Lewis and Sewell Families (Vol. viii., p. 388.).—Your correspondent may obtain, in respect to the Lewis family, much information in the Life and Correspondence of Matthew Gregory Lewis, two vols. 8vo., London, 1839, particularly at pp. 6. and 7. of vol. i. He will there find that Matthew Lewis, Esq., who was Deputy Secretary of War for twenty-six years, married Frances Sewell, youngest daughter of the Right Hon. Sir Thos. Sewell; that Lieut.-Gen. Whitelocke and Gen. Sir Thos. Brownrigg, G.C.B., married the other two daughters of Sir Thos. Sewell; and that Matthew Gregory Lewis, who wrote the Castle Spectre, &c., was son of Matthew Lewis, Esq., the Deputy Secretary of War.

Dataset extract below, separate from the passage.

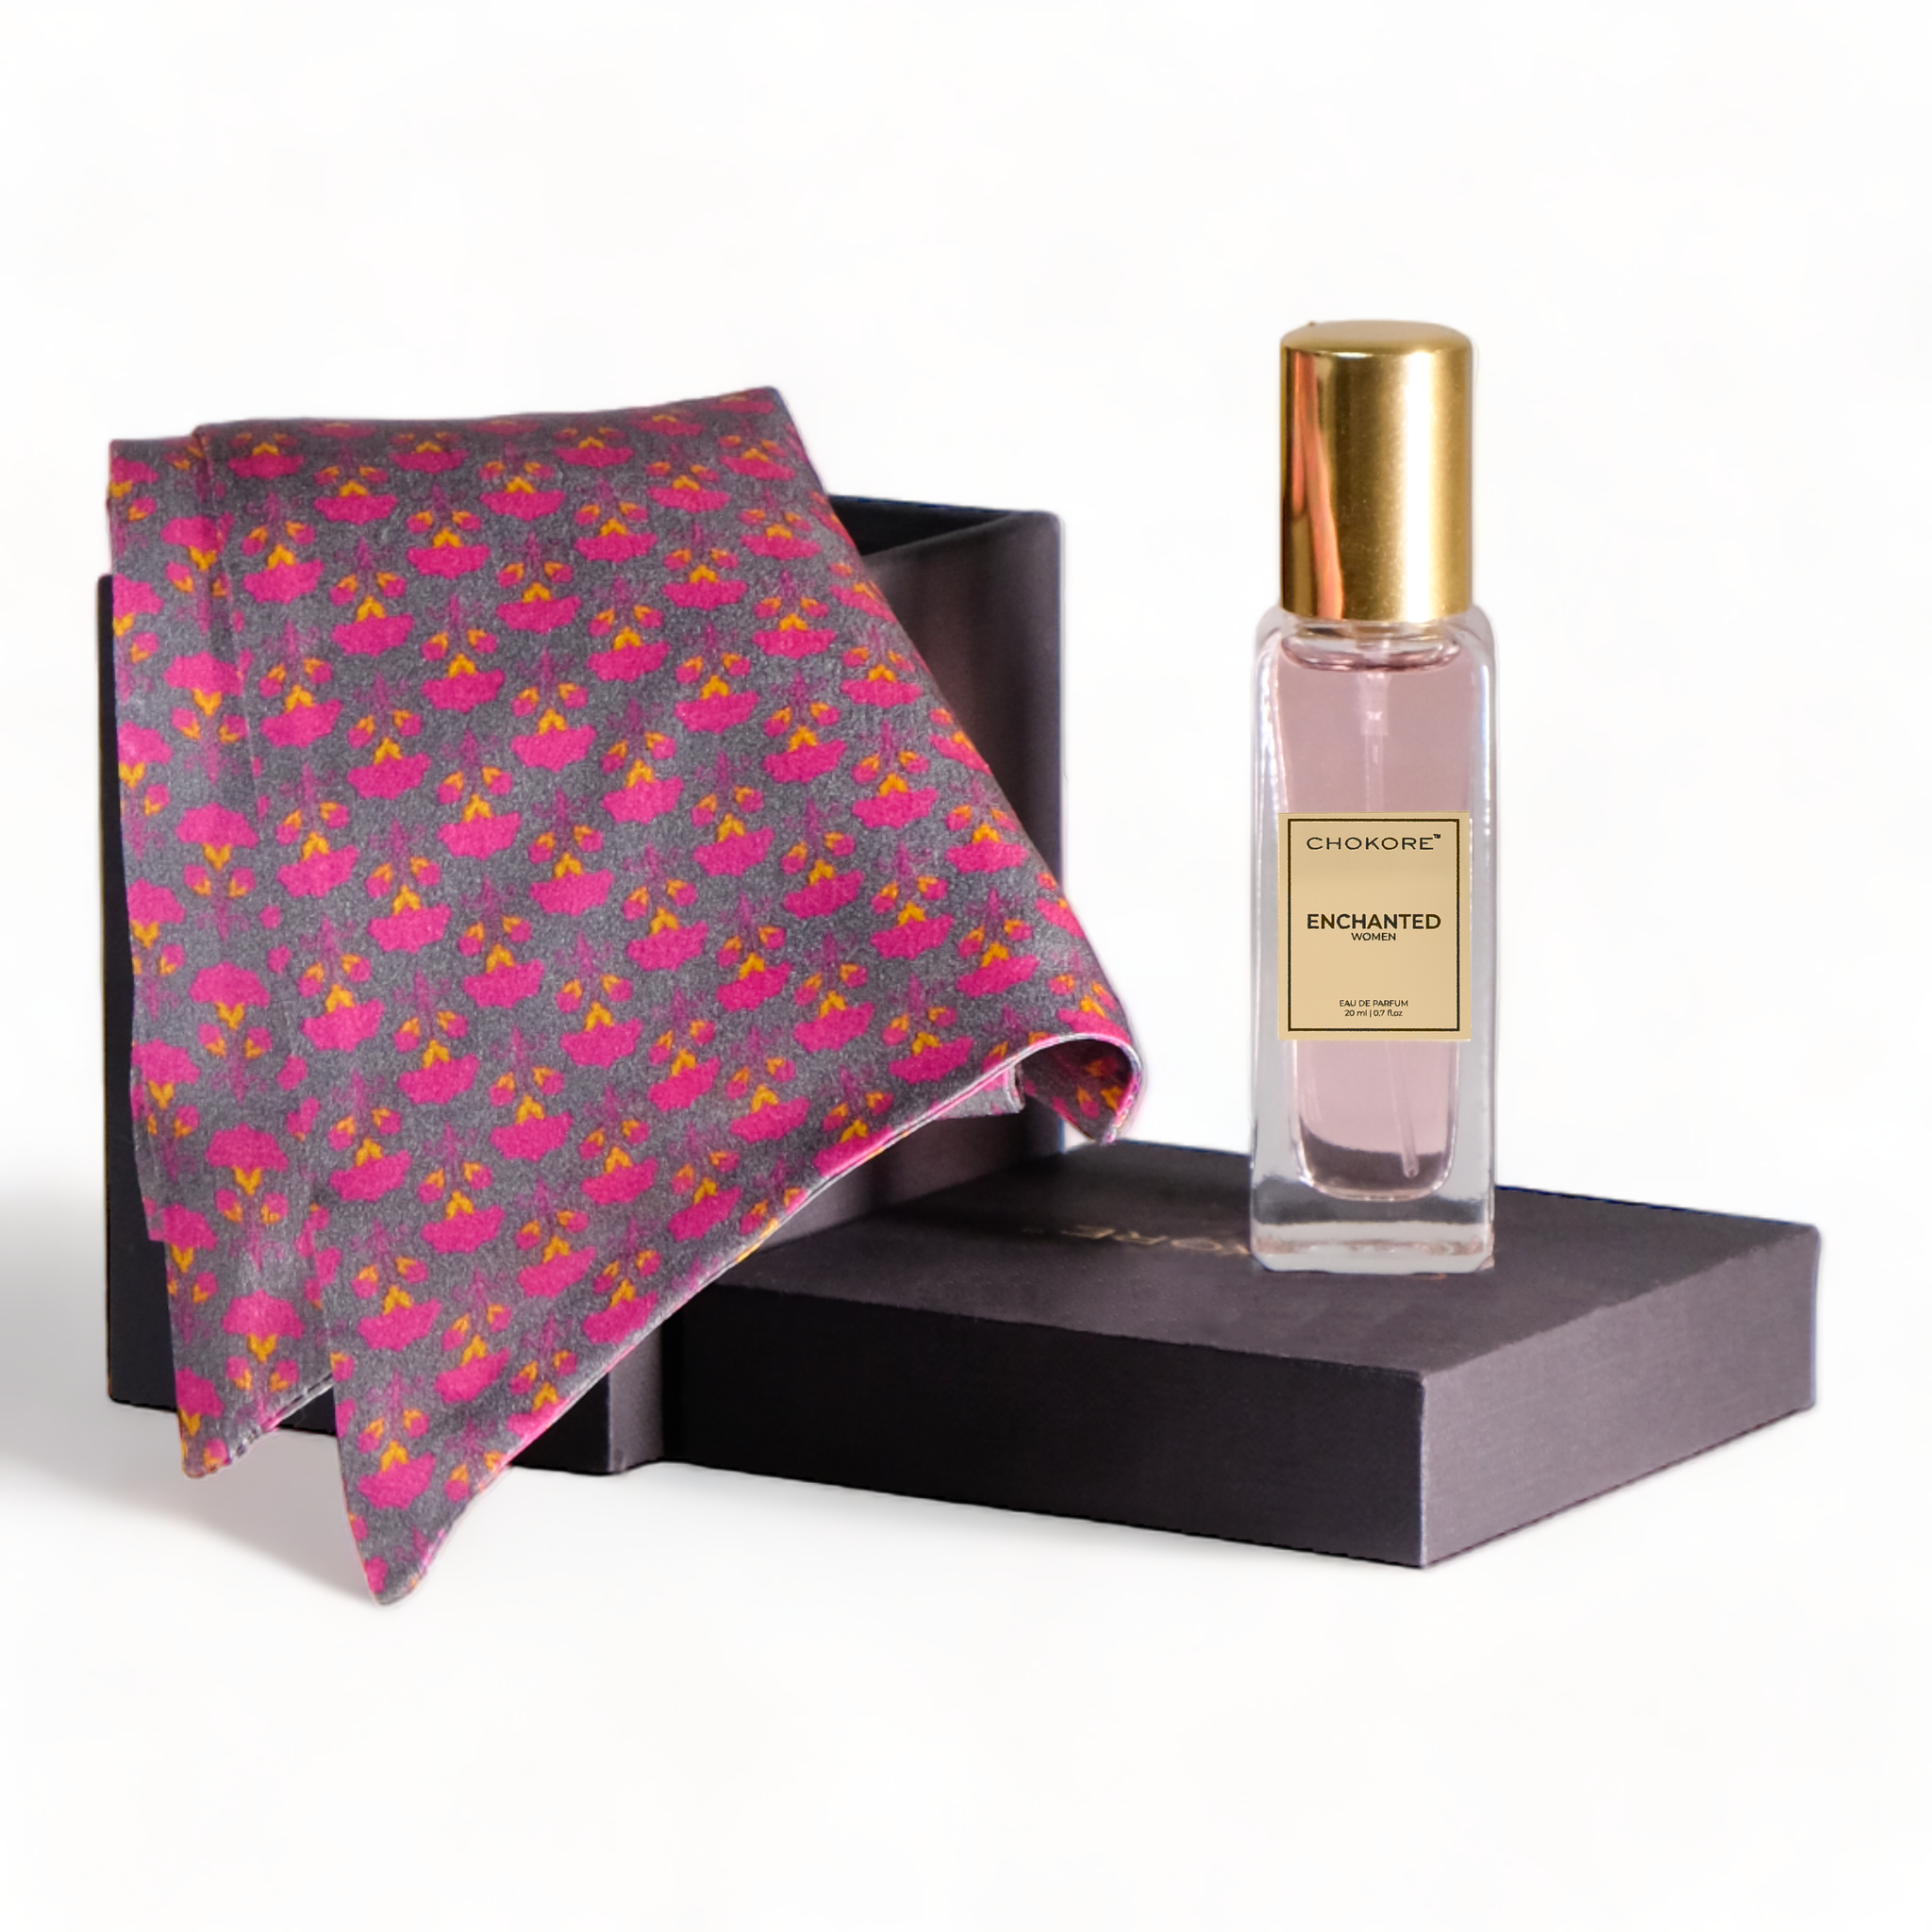 Chokore Special 2-in-1 Gift Set for Chokore Special 2-in-1 Gift Set for Her(Pink and Purple Silk Scarf & 20 ml Enchanted Perfume)Her (Printed Stole & 20 ml Scandalous Perfume)

With regard to the Sewell family. The Right Hon. Sir Thos. Sewell, who was Master of the Rolls for twenty years, died in 1784; and there is, I believe, a very correct account of his family connexions in the Gentleman's Magazine for 1784, p. 555. He died intestate, and his eldest son, Thos. Bailey Heath Sewell, succeeded to his estate of Ottershaw and the manors of Stannards and Fords in Chobham, Surrey. This gentleman was a magistrate for the county of Surrey; and in the spring of 1794, when this country was threatened by both foreign and domestic enemies, he became Lieut.-Col. of a regiment of Light Dragoons (fencibles), raised in Surrey (at Richmond) by George Lord Onslow, Lord-Lieut. of the county, in which he served six years, till the Government not requiring their services they were disbanded. Lieut.-Col. Sewell died in 1803, and was buried in the church at Chobham, where there is a monument to his memory. Of his family we have not farther knowledge than that he had a son, Thos. Bermingham Heath Sewell, who was a cornet in the 32nd Light Dragoons, and lieutenant in the 4th Dragoon Guards during the war of the French Revolution. The History and Antiquities of Surrey, by the Rev. Owen Manning and Wm. Bray, in three vols. folio, 1804, has in the third volume much concerning the Sewell family.

D. N.

Pharaoh's Ring (Vol. viii., p. 416.).—The mention of the ring conferred on, or confided to, Joseph by the Pharaoh of Egypt, as stated in Genesis xli. 42., reminds me of a ring being shown to me some years ago, which was believed by its then possessor to be the identical ring, or at all events a signet ring of the very Pharaoh who promoted Joseph to the chief office in his kingdom.

It was a ring of pure gold, running through a hole in a massive wedge of gold, about the size, as far as I recollect, of a moderate-sized walnut. On one of its faces was cut the hieroglyphic (inclosed as usual with the names of Egyptian kings in an oval), as I was assured, of the king, the friend of Joseph, as was generally supposed by the readers of hieroglyphics: I pretend to no knowledge of them myself.

The possessor of the ring, who showed it to me, was Mr. Sams, one of the Society of Friends, a bookseller at Darlington. Since railroads have

whirled me past that town, I have lost my means of periodical communication with him. He had, not long before I saw him last, returned from the Holy Land, where he assured me he had visited every spot that could be identified mentioned in the New Testament. He had also been some time in Egypt, and had brought home a great quantity of Egyptian antiquities. The lesser ones he had in the first floor of a carver and gilder's in Great Queen Street, between the Freemason's Tavern and Lincoln's Inn Fields. He was then anxious that these should be bought for the British Museum, and I think that at his request I wrote to the Earl of Aberdeen to mention this, and that the answer was that there was already so large a collection in the Museum, that more, as they must most of them be duplicates, would be of no use.

What has become of them I know not. I was told that a number of his larger antiquities, stone and marble, were for some time placed on Waterloo Bridge, that being a very quiet place, where people might view them without interruption. I did not happen to be in London that season, and therefore did not see them.

J. Ss.

[The whole of Mr. Sams's collection of Egyptian antiquities were bought by Joseph Mayer, Esq, F.S.A., of Liverpool, about two years ago, to add to his previous assemblage of similar monuments, and are placed by him, with a very valuable collection of mediæval antiquities, in the Egyptian Museum, 8. Colquitt Street, Liverpool. The small charge of sixpence for each visit opens the entire collection to the public; but it is a lamentable fact, that the curiosity or patriotism of the inhabitants does not cover Mr. Mayer's expenses by a large annual amount.]